• **Task goal**: Every line of the listing below is to be repeated exactly; the pictures stay out.

• **Source data**:
━━━━

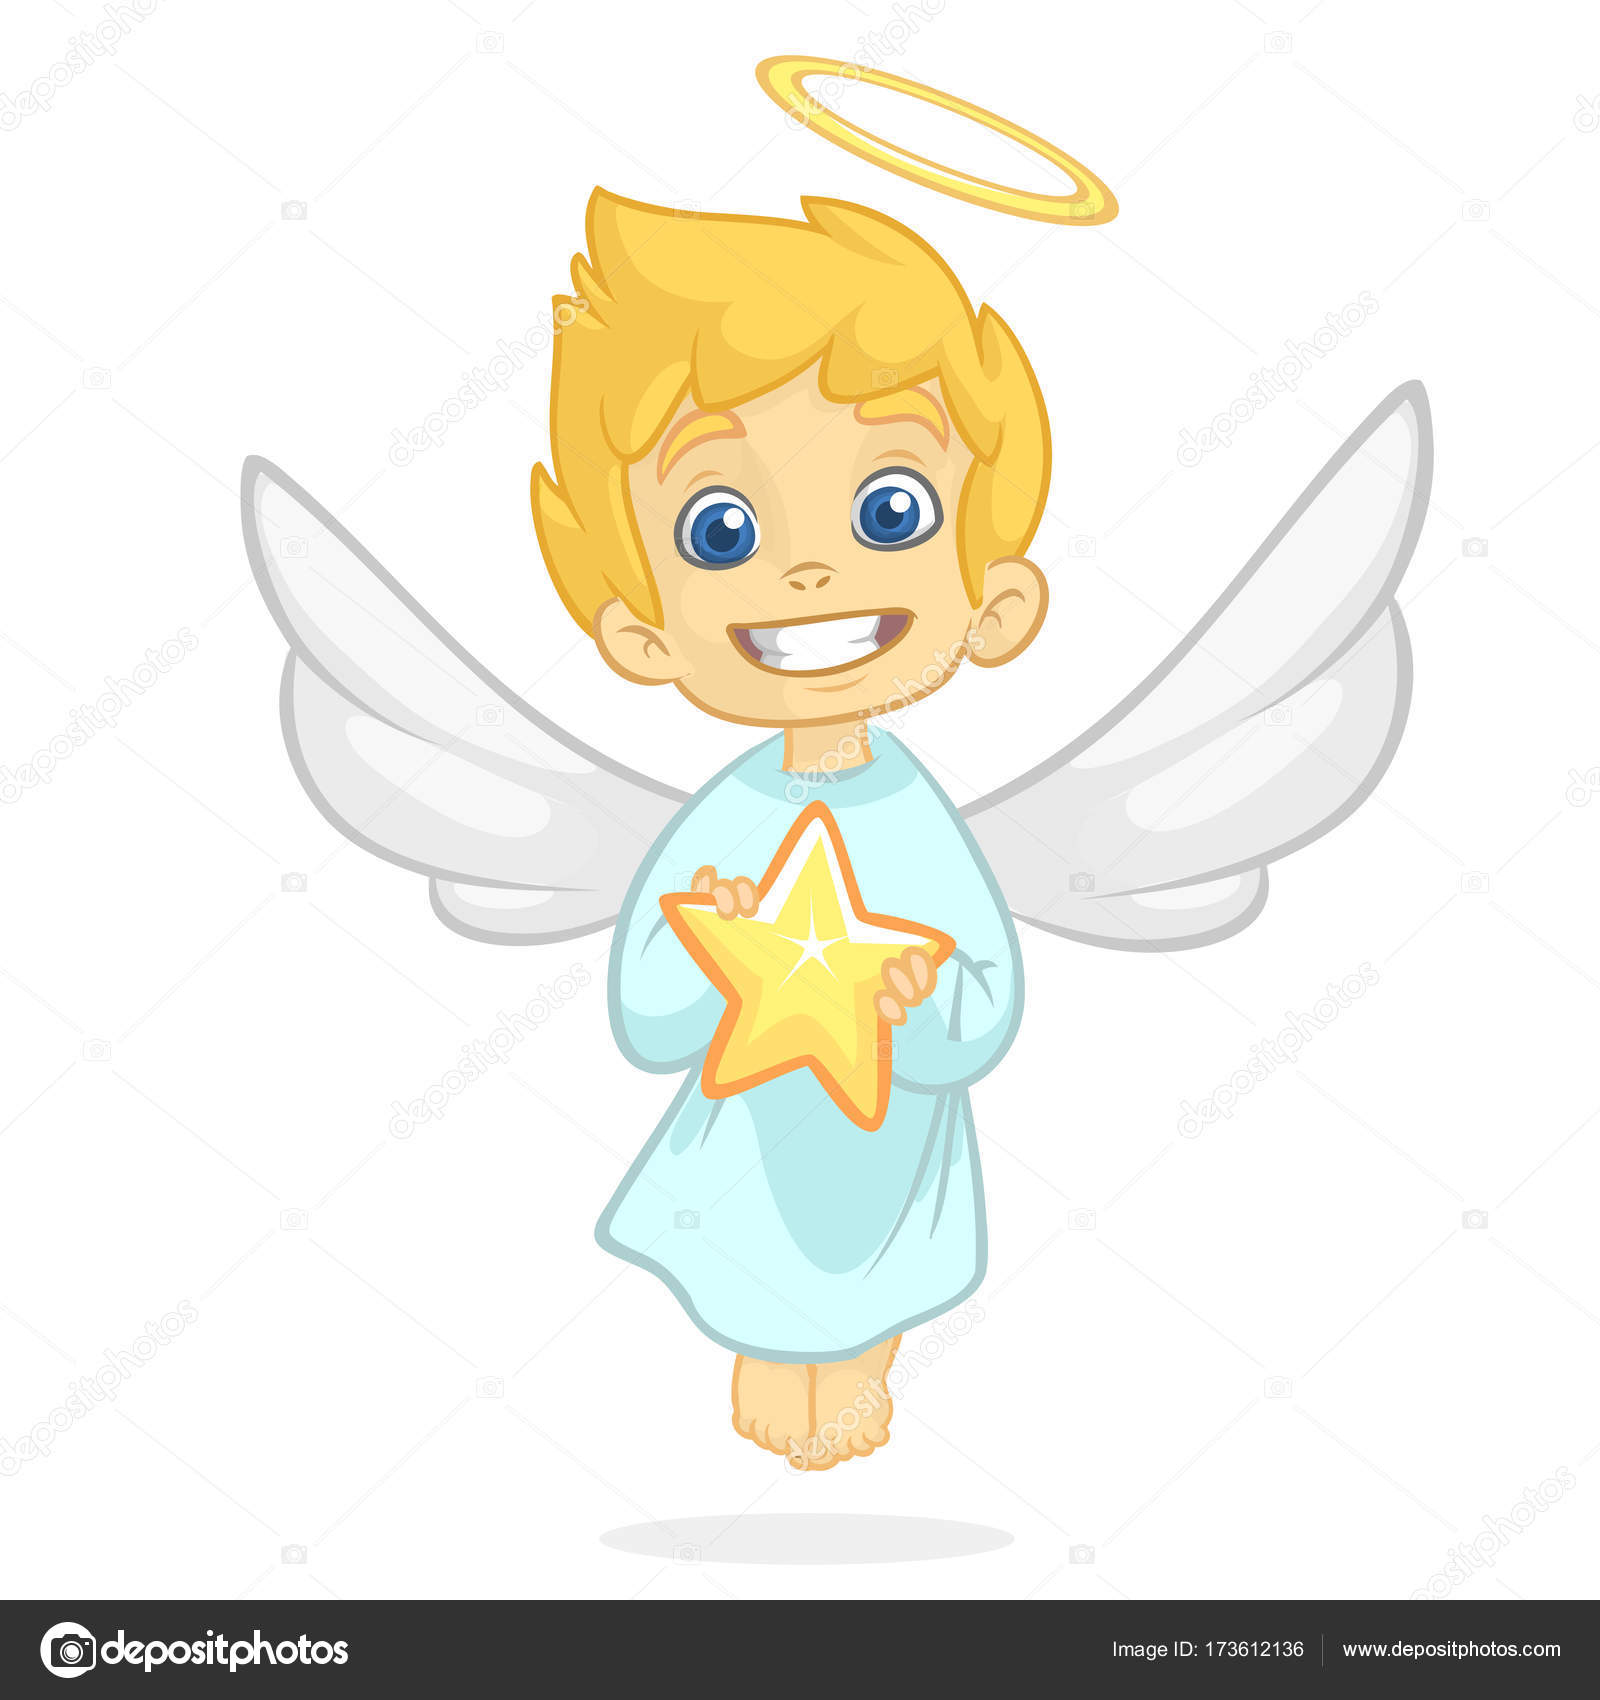 Ilustração dos desenhos animados de um anjo bonito segurando
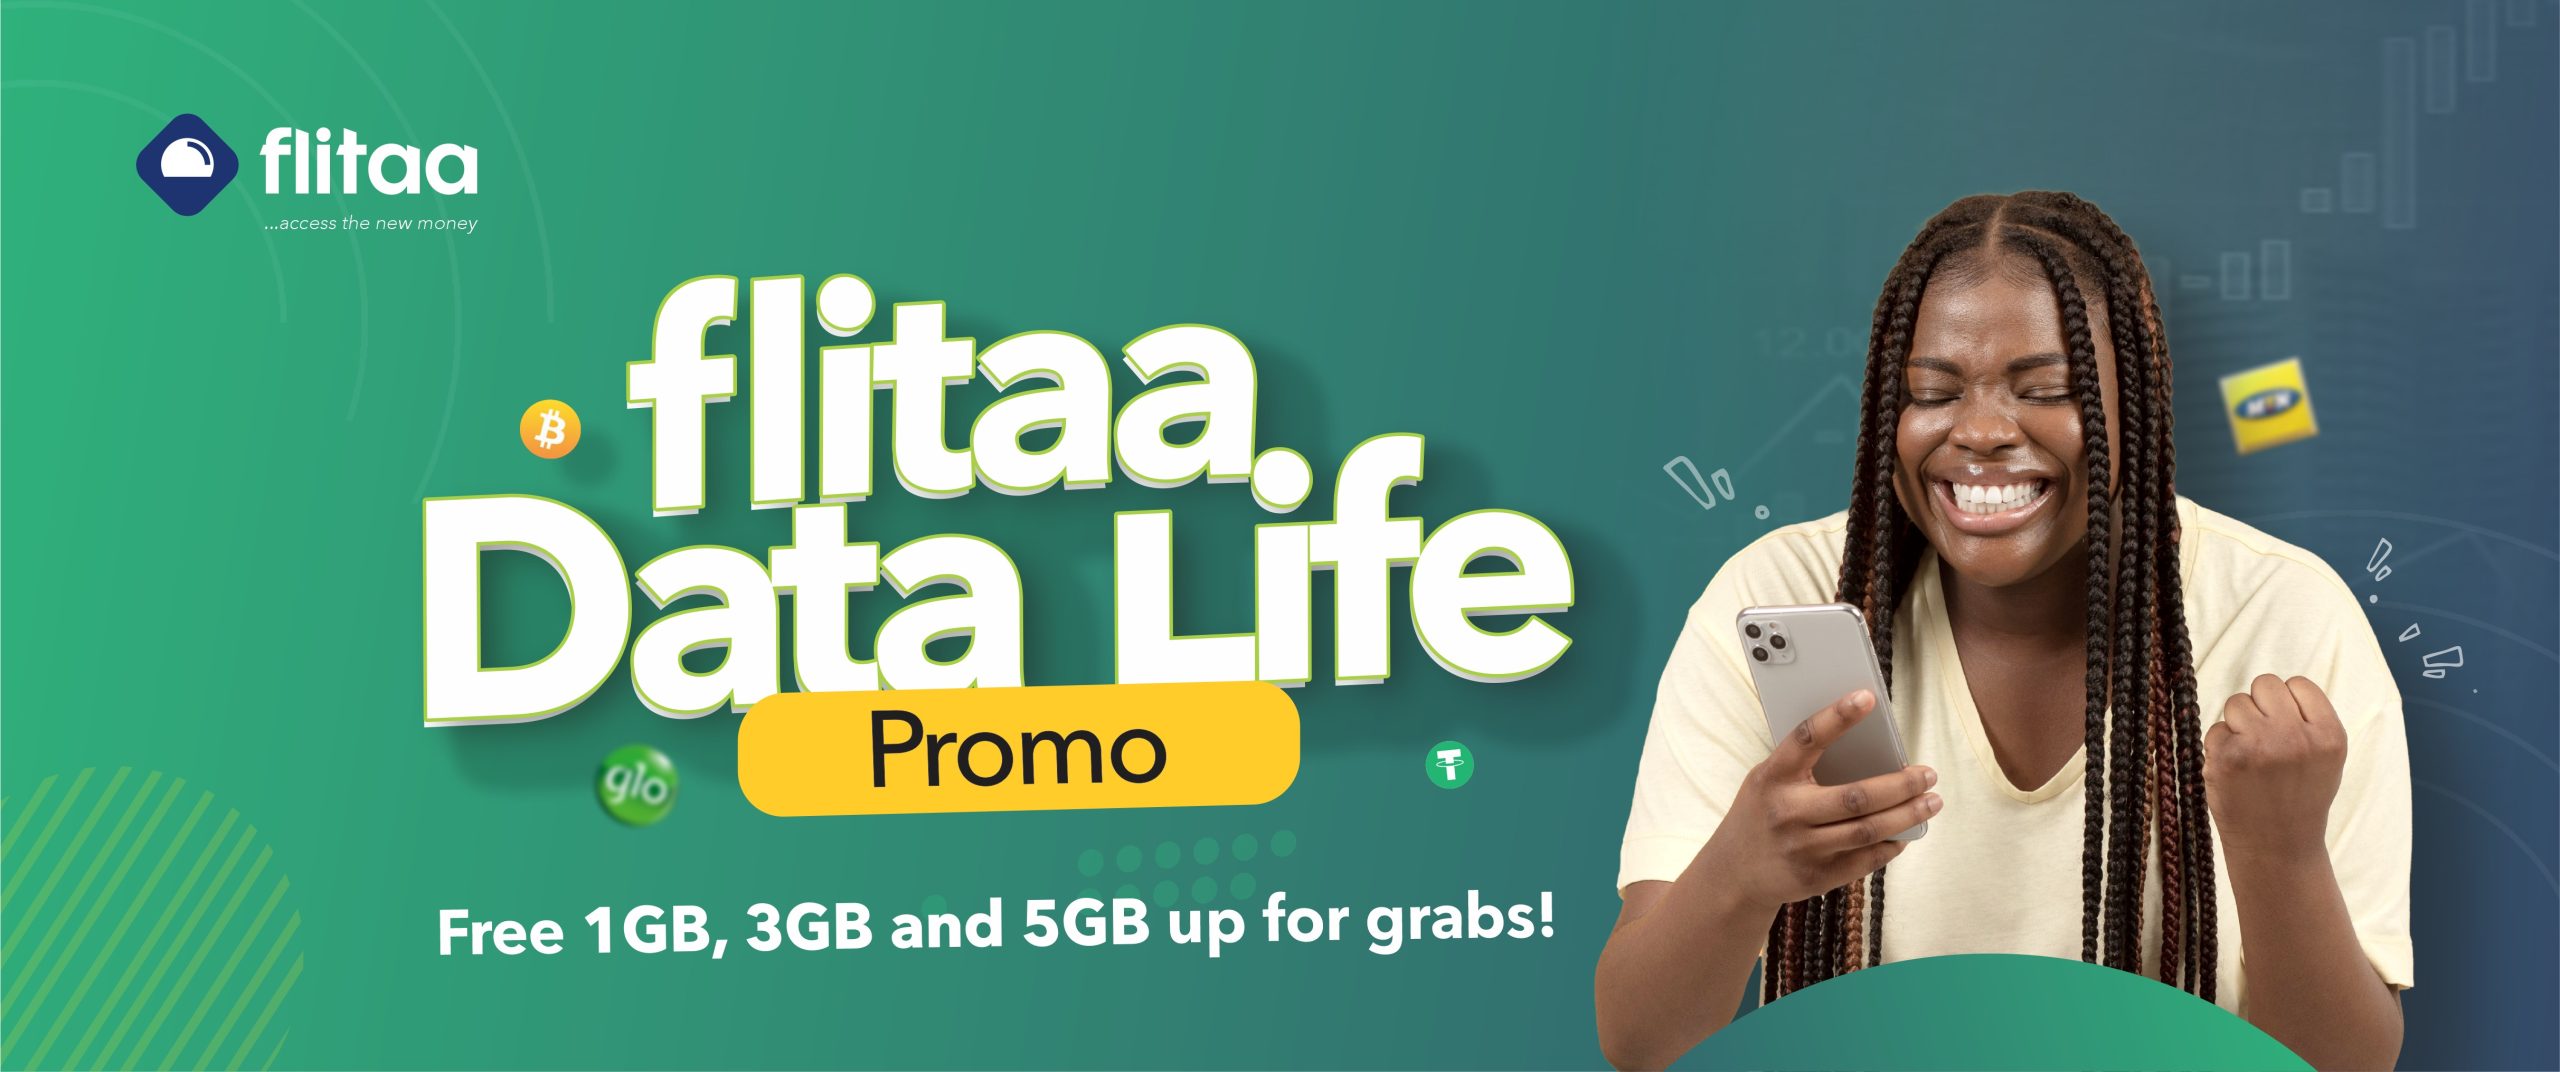 flitaa data life promo
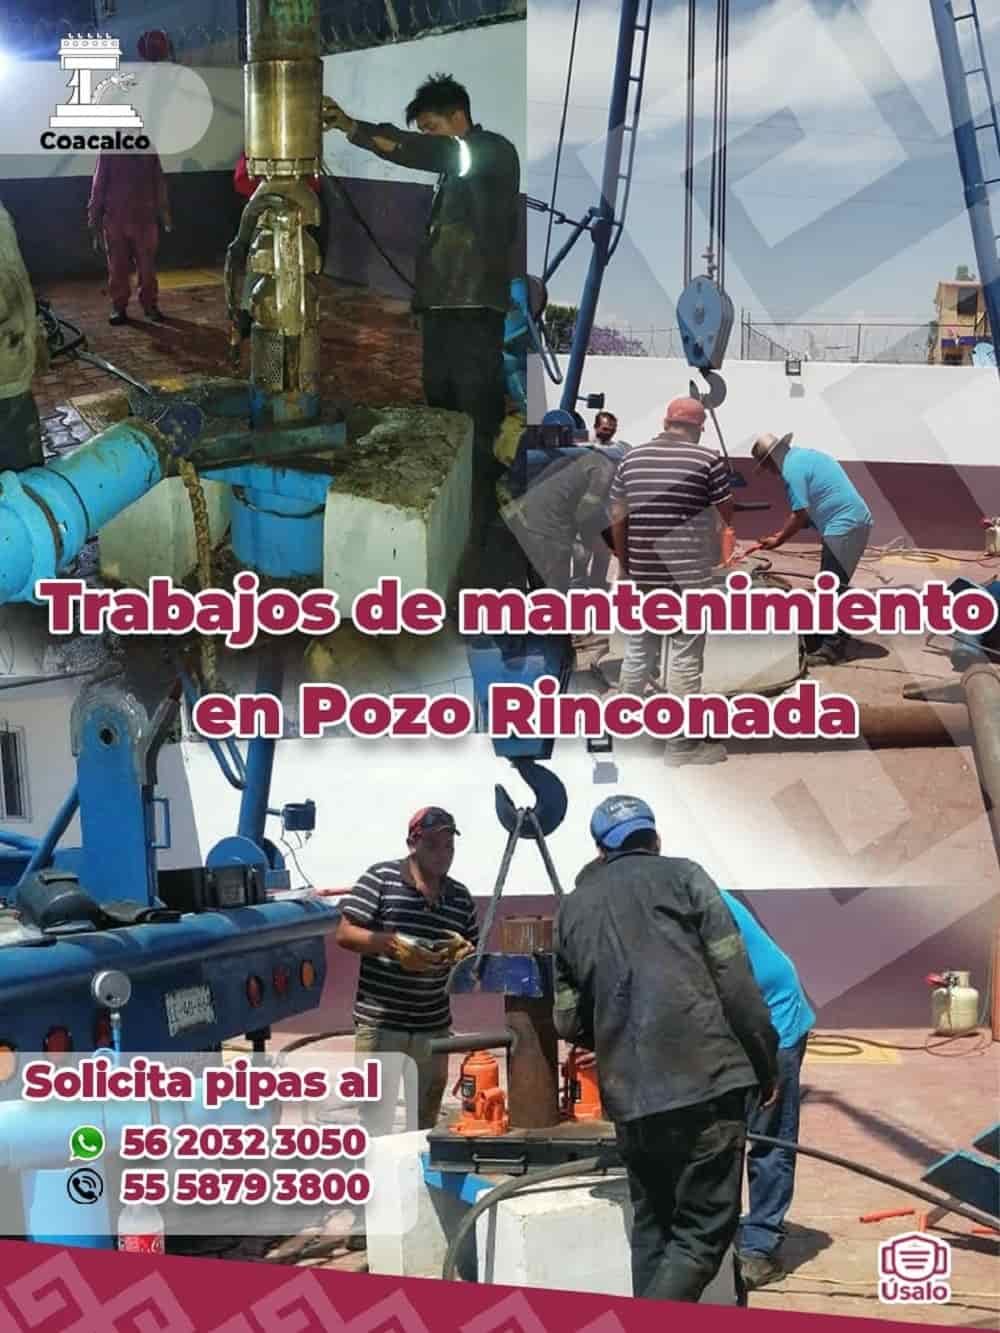 Rehabilitan pozos de agua potable en Coacalco

━━━━

• **Reply to the exercise**:
 Ilustração dos desenhos animados de um anjo bonito segurando
 flitaa data life promo
 Rehabilitan pozos de agua potable en Coacalco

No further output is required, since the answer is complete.